## What you need to do
Below are the records; give again exactly the lines from the one containing "Golden wheat field, Golden" through the one containing "Effete Assorted Chocolate", leaving out pictures.

## Task material
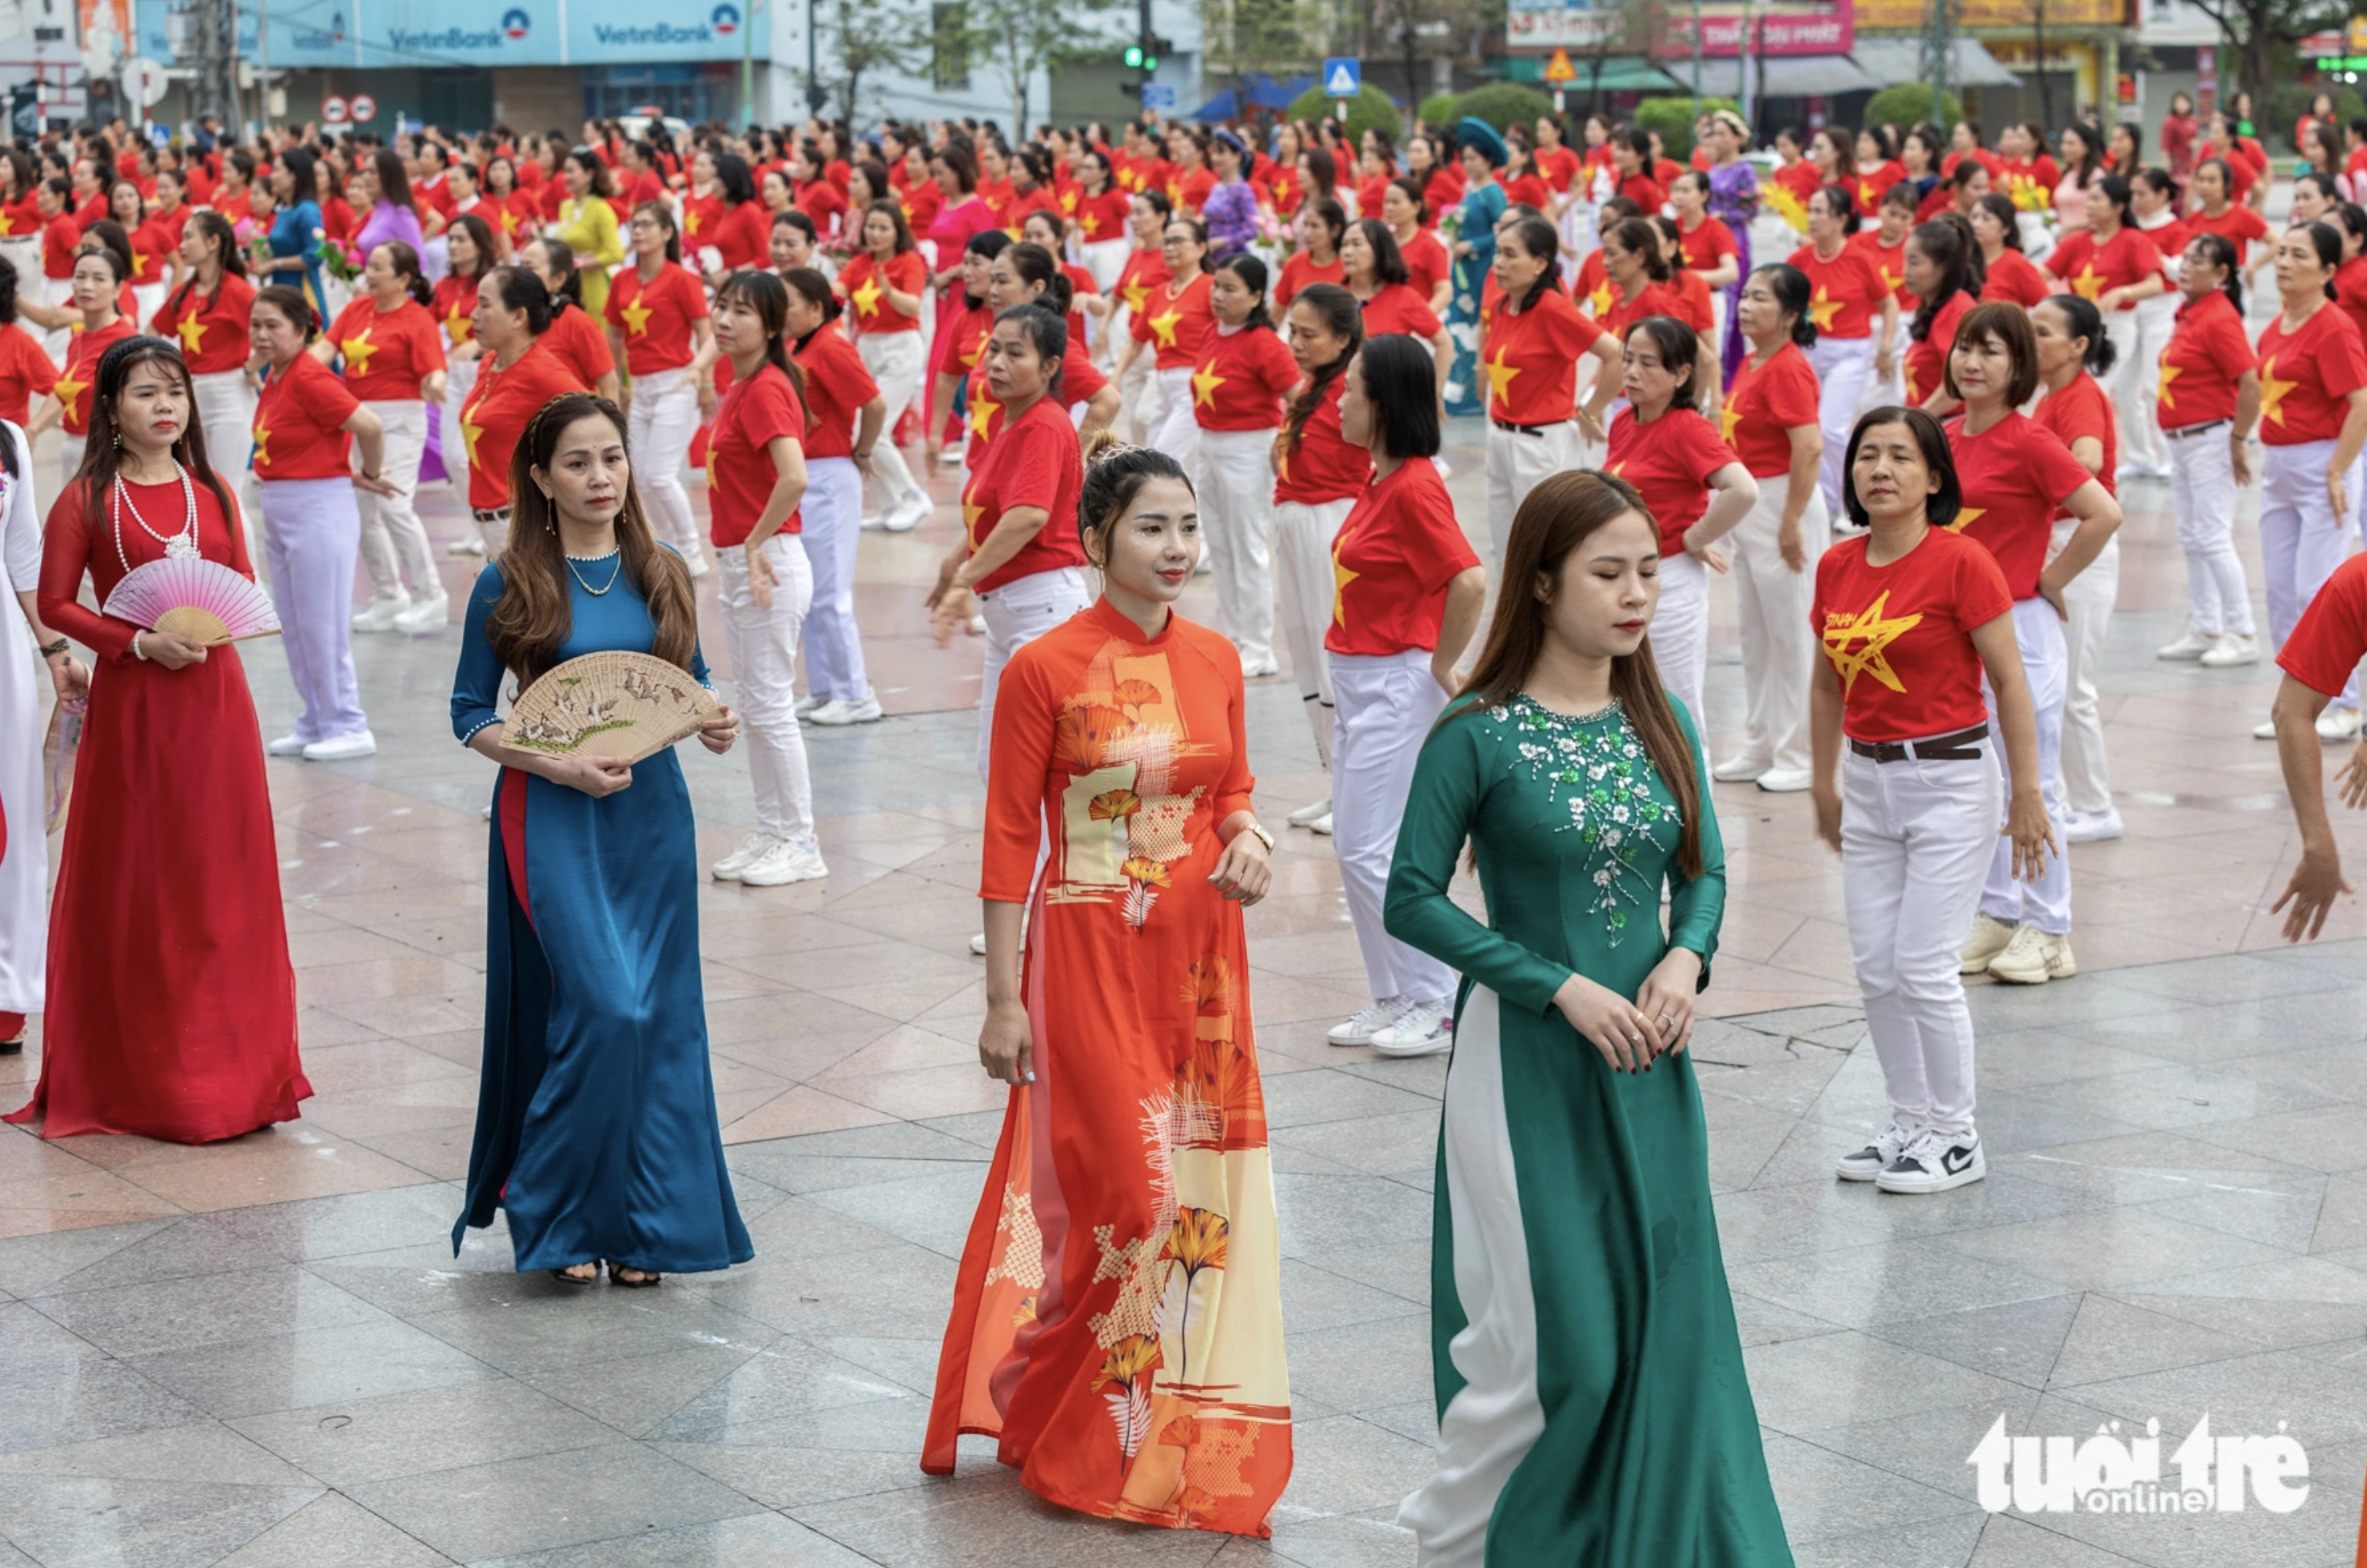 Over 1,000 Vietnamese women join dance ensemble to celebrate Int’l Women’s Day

--

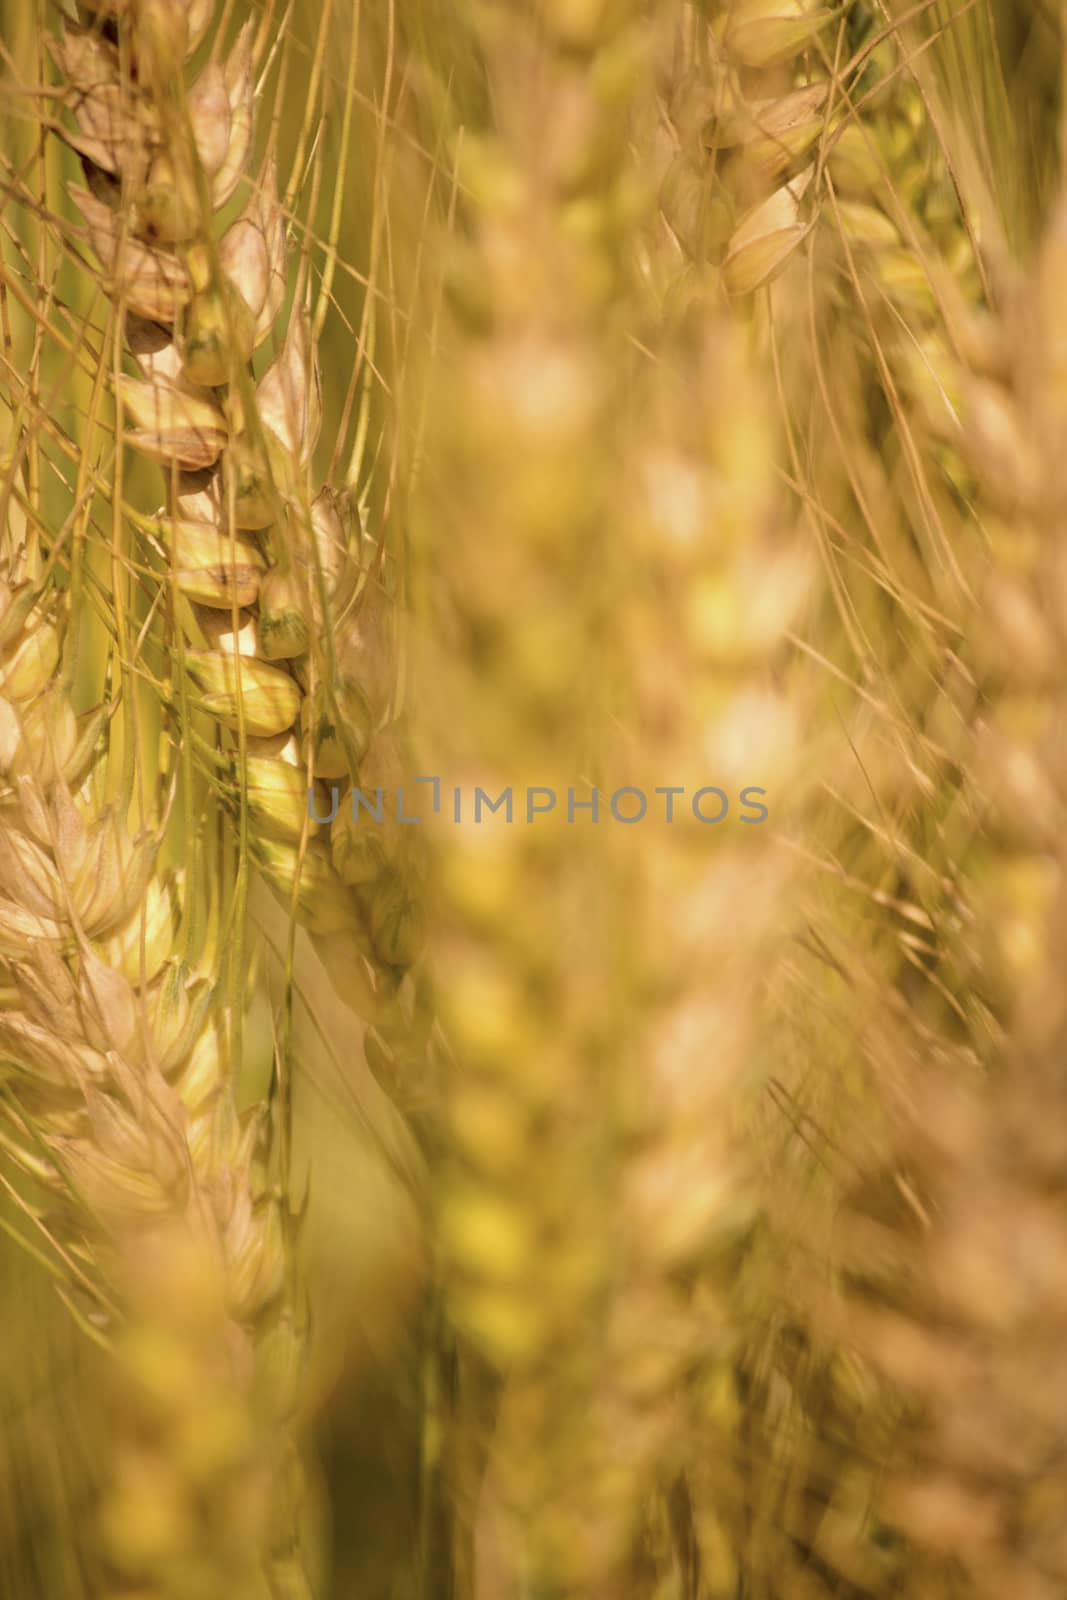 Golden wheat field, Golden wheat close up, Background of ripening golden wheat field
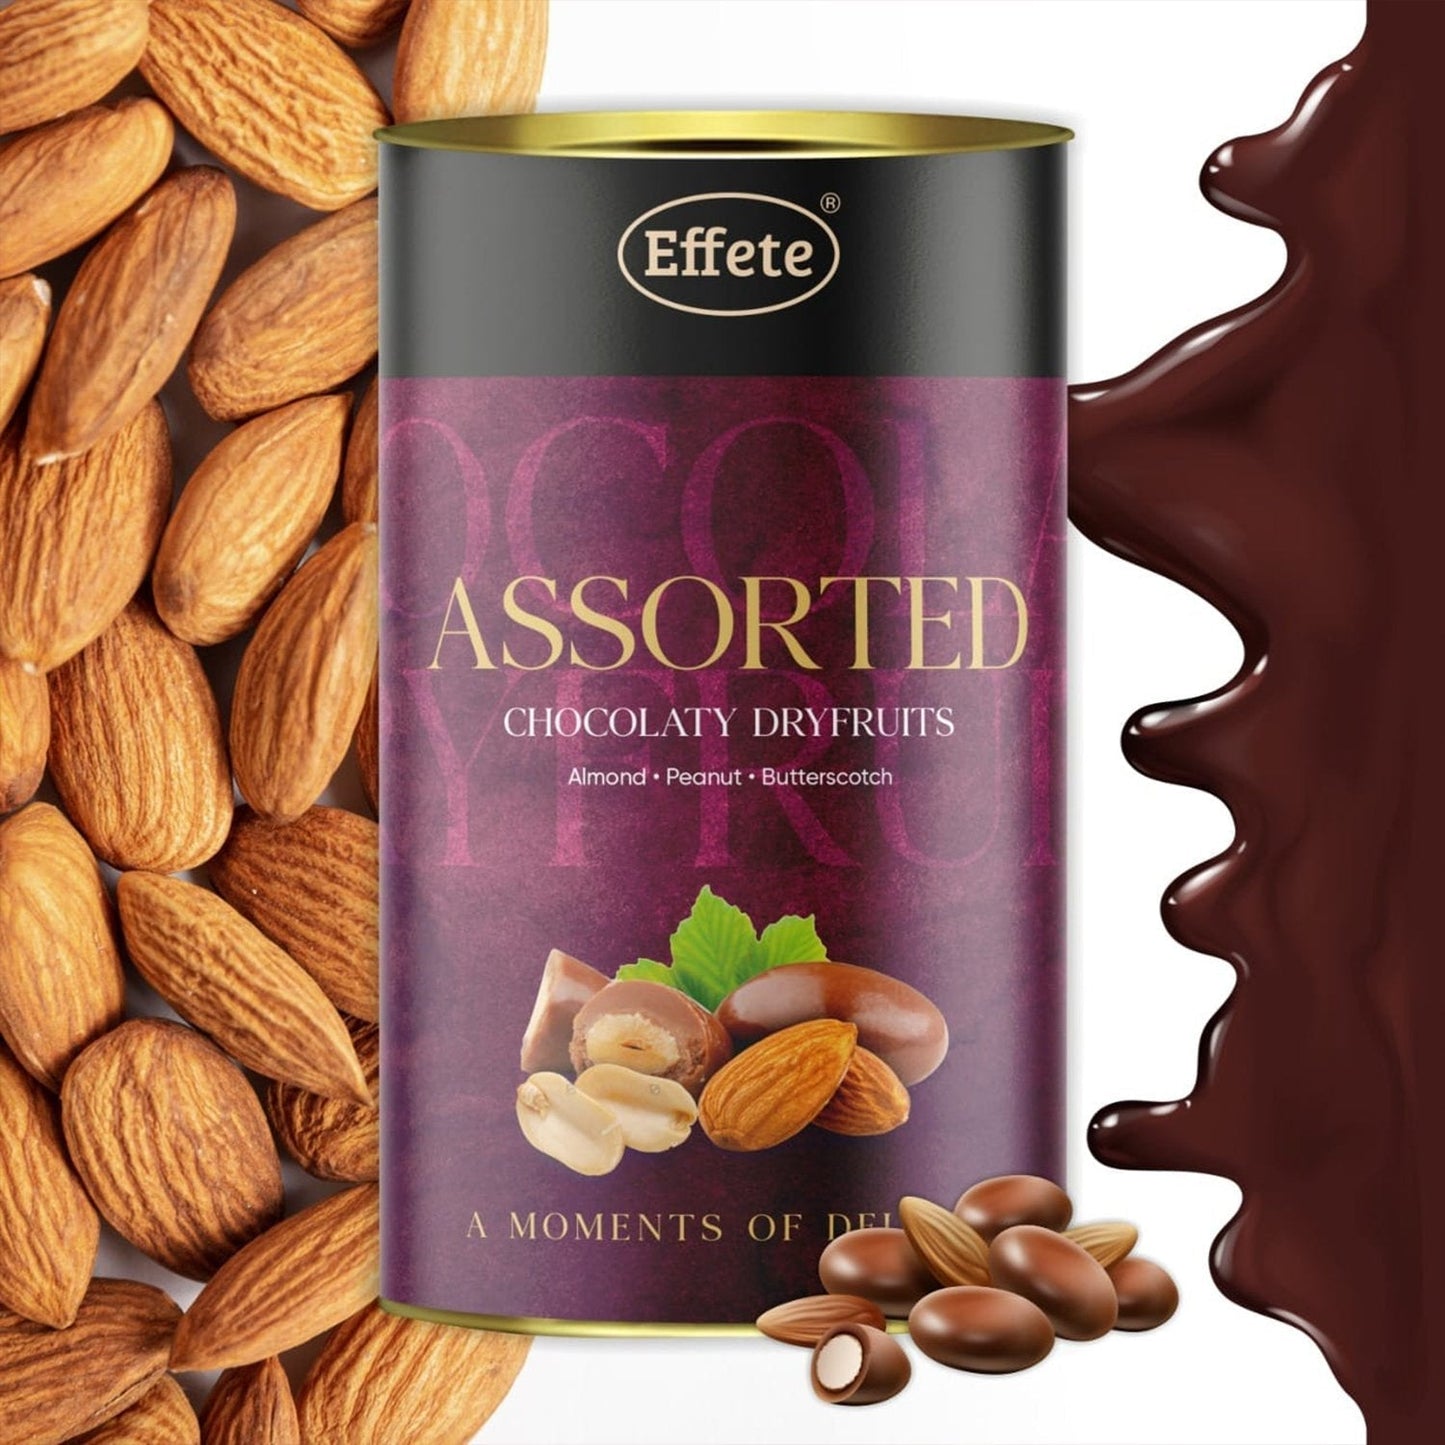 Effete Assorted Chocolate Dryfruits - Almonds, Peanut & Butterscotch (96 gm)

## Result
 Golden wheat field, Golden wheat close up, Background of ripening golden wheat field
 Effete Assorted Chocolate Dryfruits - Almonds, Peanut & Butterscotch (96 gm)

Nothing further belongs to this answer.